A new definition is created with the same steps and variables, name appended with ” (Copy)”, and is_published = false.
Clones are created as local drafts in the caller’s org, with is_template = false.

Simulation / Dry-Run

Click Simulate in the toolbar of a saved workflow (requires workflows.execute permission).
Select target hosts and click Run Simulation.
The simulation report shows predicted actions per step without executing anything.

Running a Workflow

From the workflows list, click the Play button, or from the editor click Run.
Navigate to the Run Workflow page (the relevant workflow).
Select target hosts using the searchable multi-select (server-side search by hostname or IP) and/or host groups.
Optionally override workflow variables.
Optionally enable Schedule for later and pick a date/time for deferred start.
Click Run Workflow (or Schedule Workflow if deferred).

Instance Detail / Step Timeline

From the Instances tab: - Click the workflow name or any instance row to open the detail panel for that execution. - Use the explicit Open workflow definition action when you want the workflow editor/definition instead of the execution record. - Failed rows surface an inline error preview directly in the table so operators can triage without leaving the list.

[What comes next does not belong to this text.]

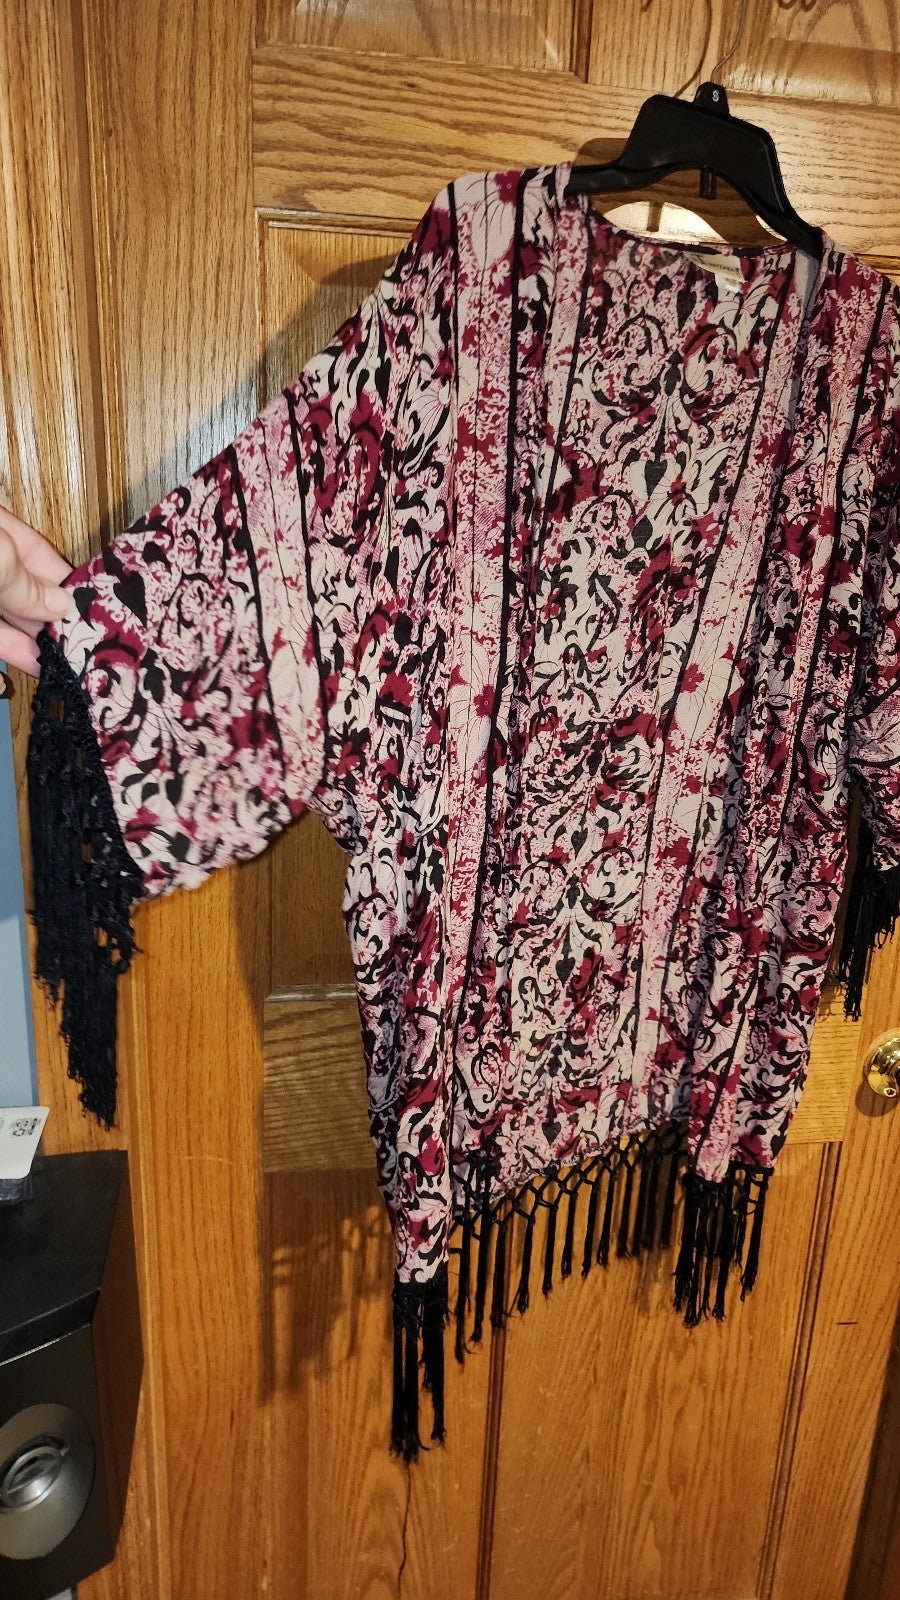 Stylish Tanzara Rayon Open Fringed Kimono Coverup Size Medium BoHo PeARdTXSX on sale

The detail panel shows: - Overall status, start time, elapsed time - Workflow-level error_message when the instance failed or timed out - Step-by-step execution timeline with per-step status, duration, and links to associated jobs - Variables (sensitive values redacted)

Kill Switch (Feature Flags page)

Navigate to Support Portal > Management > Feature Flags (the relevant workflow) or RMM Portal > Settings > Feature Flags (the relevant workflow)
Each organization shows its automation pause status
Click Pause to halt all automation (reason required)
Click Resume to re-enable automation

a. Exporting and Importing Workflows

Exporting a workflow

Navigate to Automation > Workflows (Definitions tab).
Click the Export (download) icon next to the workflow you want to export.

Export includes: name, description, steps, variables, timeout, canary settings, and trigger type. It does NOT include execution history.

Importing a workflow

Navigate to Automation > Workflows (Definitions tab).
Click the Import button in the page header.
Optionally enter a name override to rename the workflow on import.
Click Import.

The imported workflow is always created as a draft (not published). Review and publish it after verifying the steps are correct.

b. Trigger Types

Every workflow definition has a trigger type that describes how it is intended to be invoked:

Trigger Type	Description
`manual`	Invoked manually by an operator (default)
`alert_rule`	Linked to an alert rule for automated response
`monitor_action`	Triggered by a monitoring action
`service_request`	Fulfills an ITSM service request
`runbook`	Used as a runbook for documented procedures
`schedule`	Scheduled for periodic execution
`automation_decision`	Launched from a confidence-engine decision-backed remediation/workflow path

Set the trigger type in the workflow editor under Settings > Trigger Type. This field is informational — it does not change execution behavior.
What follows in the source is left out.